The trail starts with a series of numbers, each standing in for a letter. This is the simplest kind of code there is: a substitution cipher. Mr. Robot types it in through the standard encoding — A=1, B=2, and so on — but it’s just garbled text, so he has to try something else.

Then things get interesting. He turns to the ROT-13 cipher, favored by Usenetters as a way to hide spoiler text and anything else they want disguised. ROT-13 works by shifting everything forward 13 letters — A turns into N, B turns into O, etc. — and because 13 letters is exactly half the alphabet, you can run it twice and end up right back where you started. That makes it easy to run as a Usenet command, which made it very popular in the early chatroom days!

Of course, they couldn’t make it too easy, so that just gets him another set of instructions, complete with references to obscure but easily Googleable number sets. Here’s what ROT-13 gets them, with some judiciously added punctuation:

The perrin pages will help you find your calling, but don’t be duped. Cut down the woods they be erdos.

Why do any of this

As it turns out, there’s another set of numbers within the menu, and all Mr. Robot has to do is remove any Perrin or Erdos-Woods numbers. Luckily, the fine folks at the Online Encyclopedia of Integer Sequences have put both sets of numbers online. (Seriously, you’re doing God’s work out there.) They’re mathematically interesting in ways I do not understand!

Once all the numbers have been taken out, you’re left with seven numbers that just happen to work as a phone number. What a trick!
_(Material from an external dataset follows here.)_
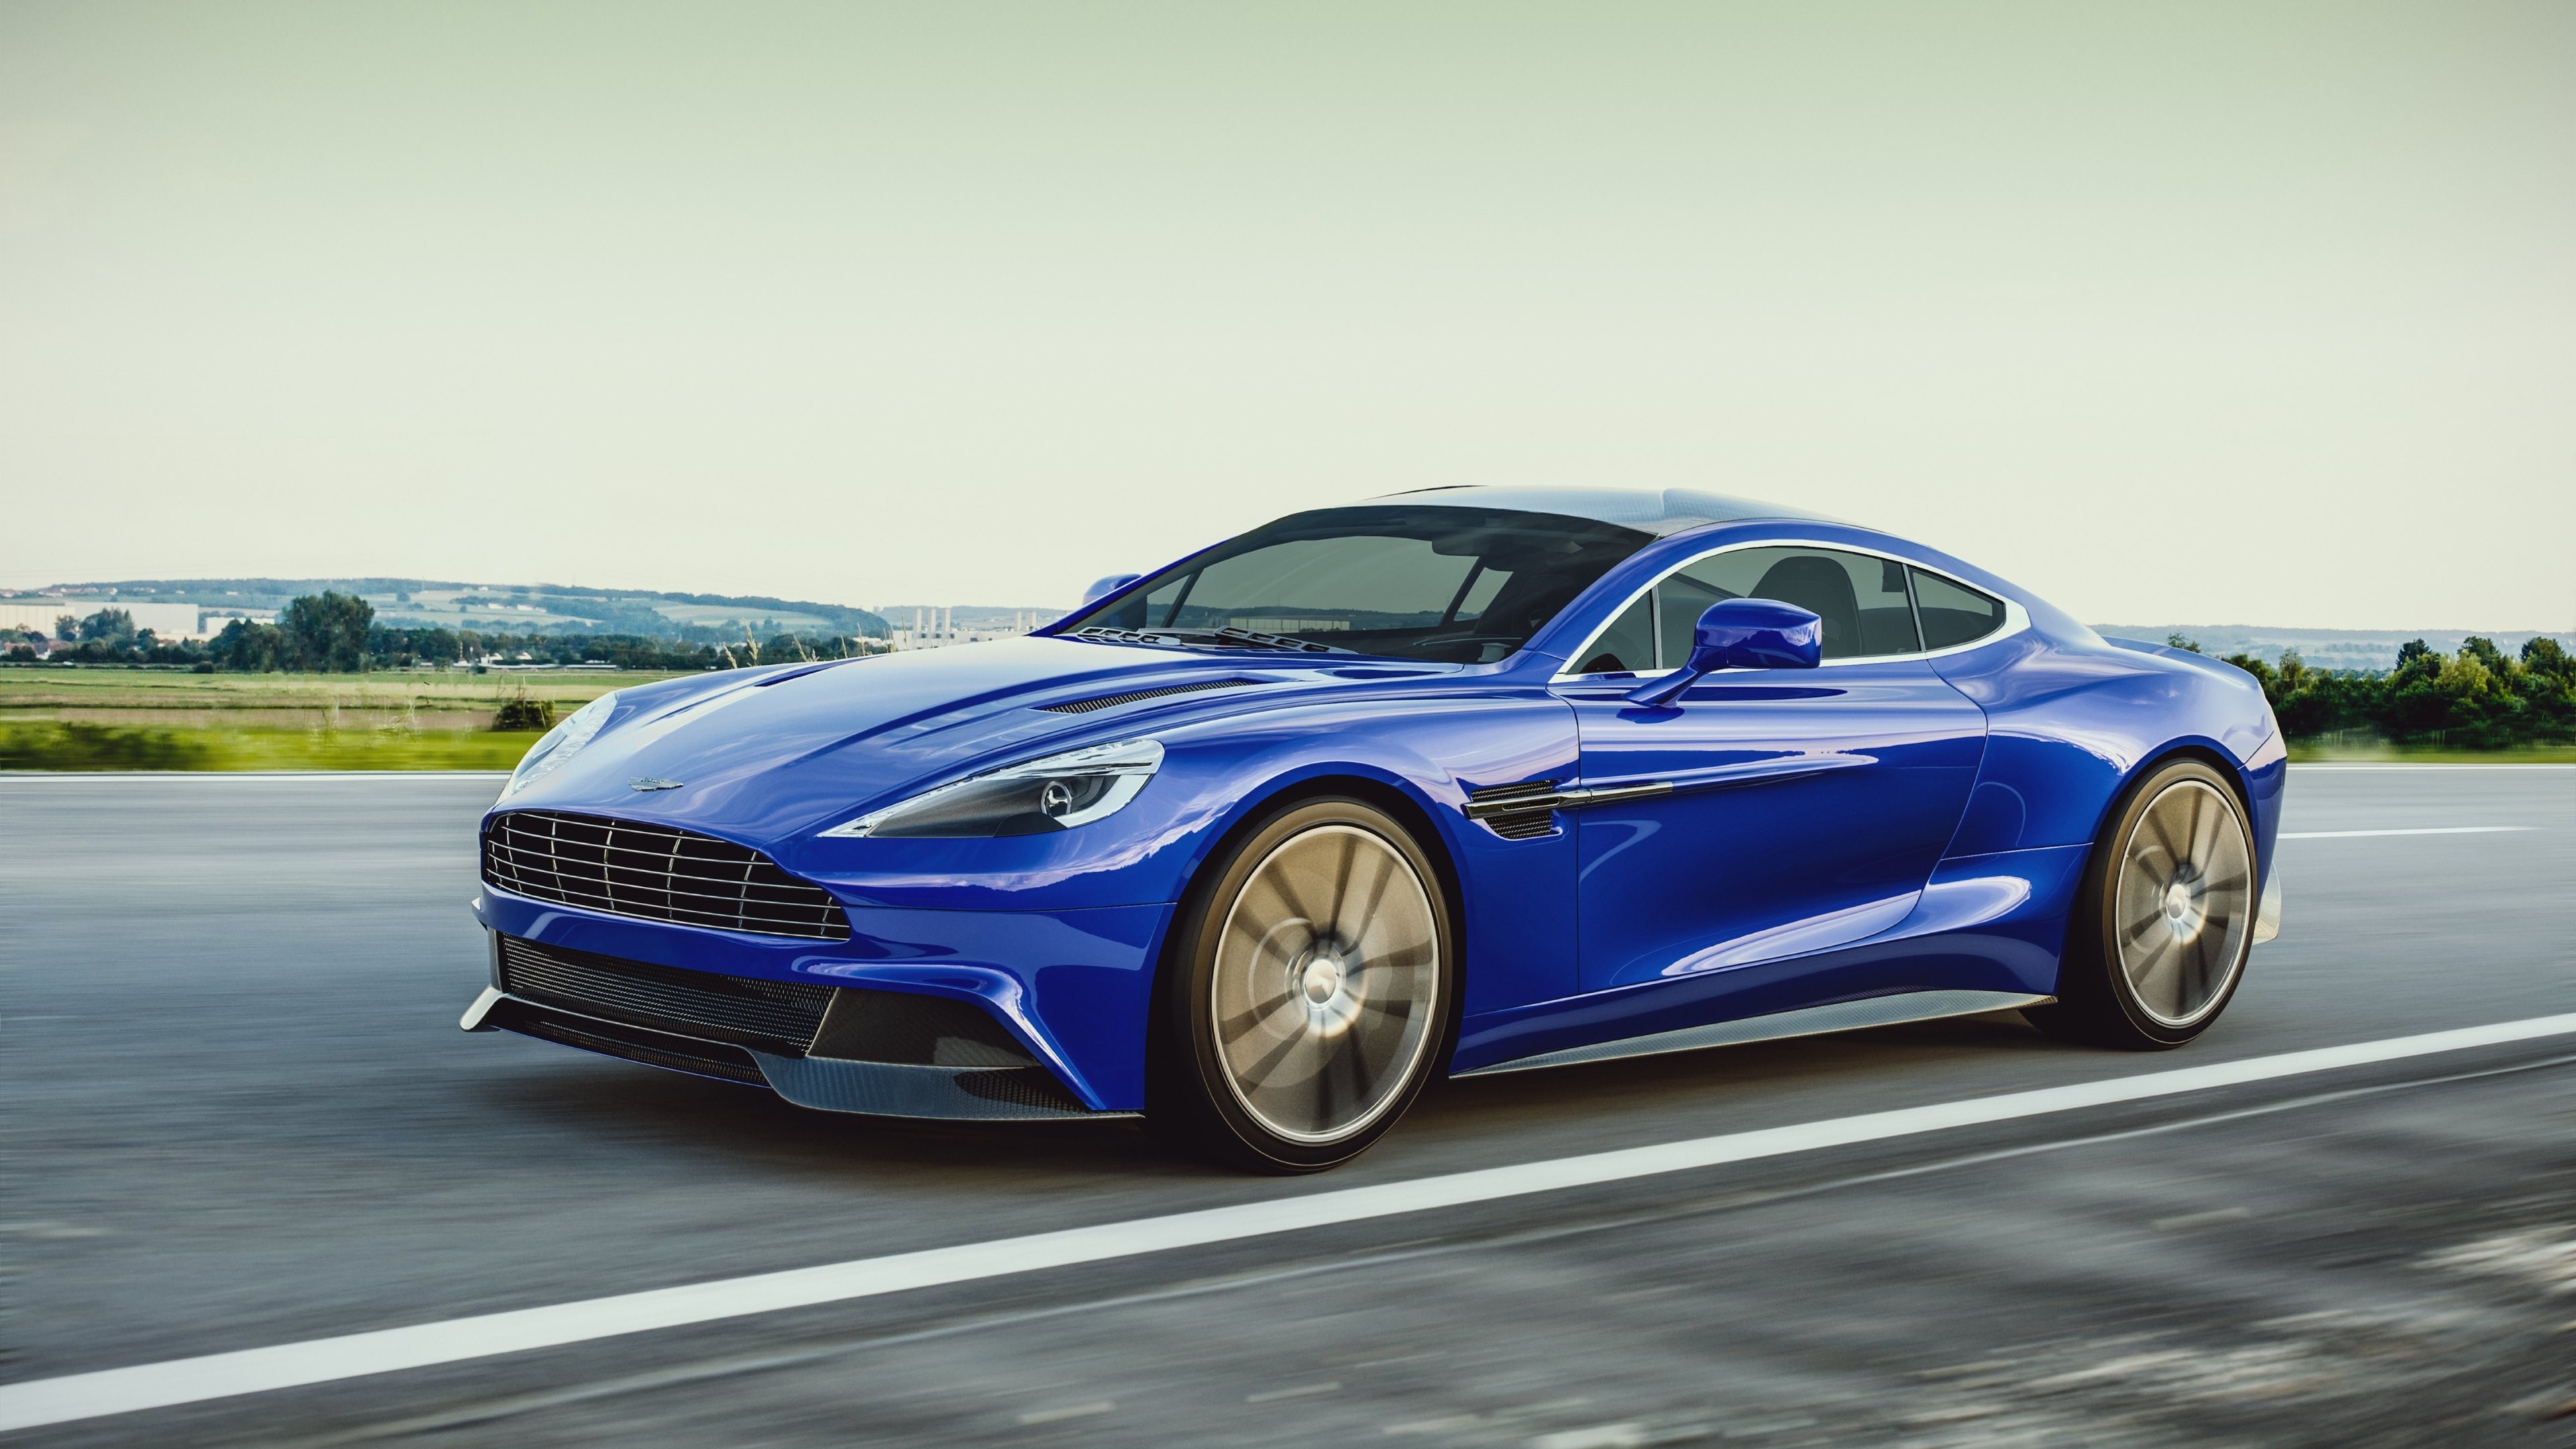 Aston Martin DBS, Blue sports car, Performance and luxury, Aston Martin design, 3840x2160 4K Desktop

WHY DO ANY OF THIS AT ALL, THOUGH

That’s a good question! It doesn’t seem much easier than, say, dropping in a URL / password combination. In security theory, the big thing you worry about is interception, which seems like a pretty serious concern for this setup. If someone — say Agent Dom DiPierro, for instance — managed to pick up the menu while it was waiting in Elliot’s apartment, it would be entirely possible for her to go through the same steps as Mr. Robot. And since Elliot’s very possibly been under federal surveillance during much of this time, that’s a very real concern!

So… why do it this way? The one other factor that occurs to me is Elloit’s very bad memory. Mr. Robot seems to know what’s going on pretty well, but if you’re in Tyrell’s shoes, there’s no guarantee that Mr. Robot will be the one picking up the message rather than Elliot. Even if he is, maybe he has the same memory problem?

Mr. Robot

There are still a lot of unanswered questions, including whether Tyrell is real, what happened to Mobley and Trenton, and whether capitalism can survive the ever-accelerating extraction of natural resources at the expense of the very ecosystems that provide our most basic needs. But hopefully at least one of those questions will be answered by next week’s episode! And even though we’ve seen our last Digital After Show, I’ll be back here next week to talk about all the hacks that pop up in the last episode. Let me know if there’s anything else you want to know about!

Disclosure: NBC Universal, owner of USA Network, is an investor in Vox Media, The Verge’s parent company. Additionally, we are an independent editorial partner in the Mr. Robot Digital After Show hosted by The Verge.